The Gettysburg Address lasted 2 minutes, twenty two seconds. Ronald Reagan’s 1986 State of the Union Address was 31 minutes. The average valedictorian speech is between 5-20 minutes, on average. My best man’s speech, 20 minutes.
The wedding ceremony was low key, an all you can eat bull roast in a Knights of Columbus Hall. It was attended by about 150 people, all firemen. My husband and I had been in the Fire Department for about 12 years, so it was only fitting to invite our extended “family” of firefighters.

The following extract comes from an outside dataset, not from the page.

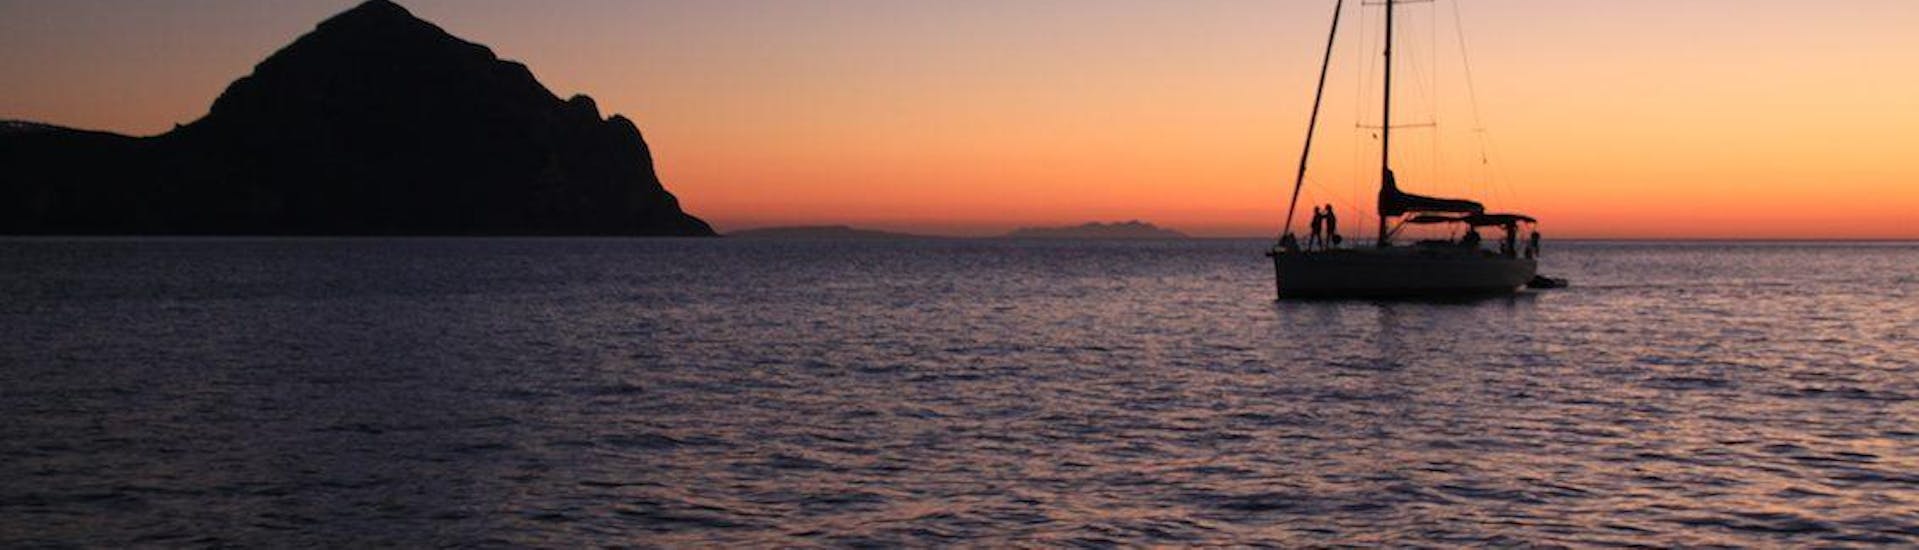 private-sunset-boat-trip-along-the-coast-of-sorrento-you-know-boat
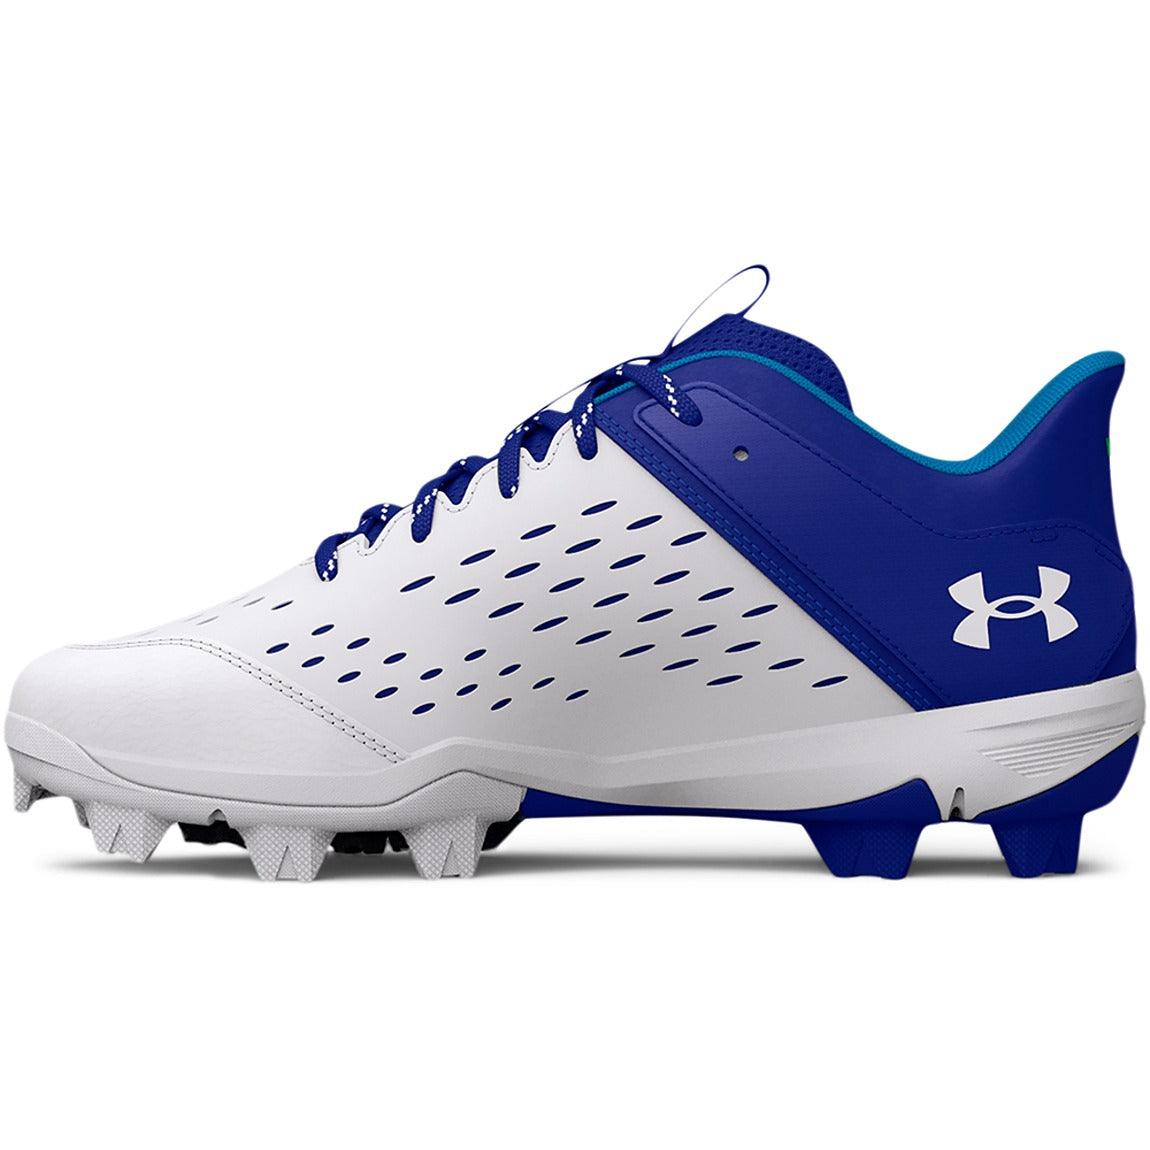 Under Armour Leadoff Low RM Jr. Baseball Cleats - Sports Excellence

We planned on a quick ceremony right at the hall, followed by all you can eat and drink after the best man and maid of honor spoke; easy, short and fun.
Or so we thought.
When the best man stood to give the address, we were alerted to the possibility of a firefighter riot as he pulled a notepad out of his pocket. We all laughed uneasily as he shuffled pages around before speaking. I do not recall everything he said; my eyes glazed over somewhere between “I have known the groom for 10 years” and “When he first became potty trained…”
If you want to see a fireman in distress, keep his beer and sandwich out of his reach. I suspect there was unauthorized nibbling going on, and was pretty sure I heard swallowing. Perhaps that was the only way they could stay awake through the speech. I noted a few of them brandishing their butter knives in a very threatening manner; others were face down snoring in the soup bowls. The DJ was debating playing God Save The Queen or some other pithy song to revive the masses.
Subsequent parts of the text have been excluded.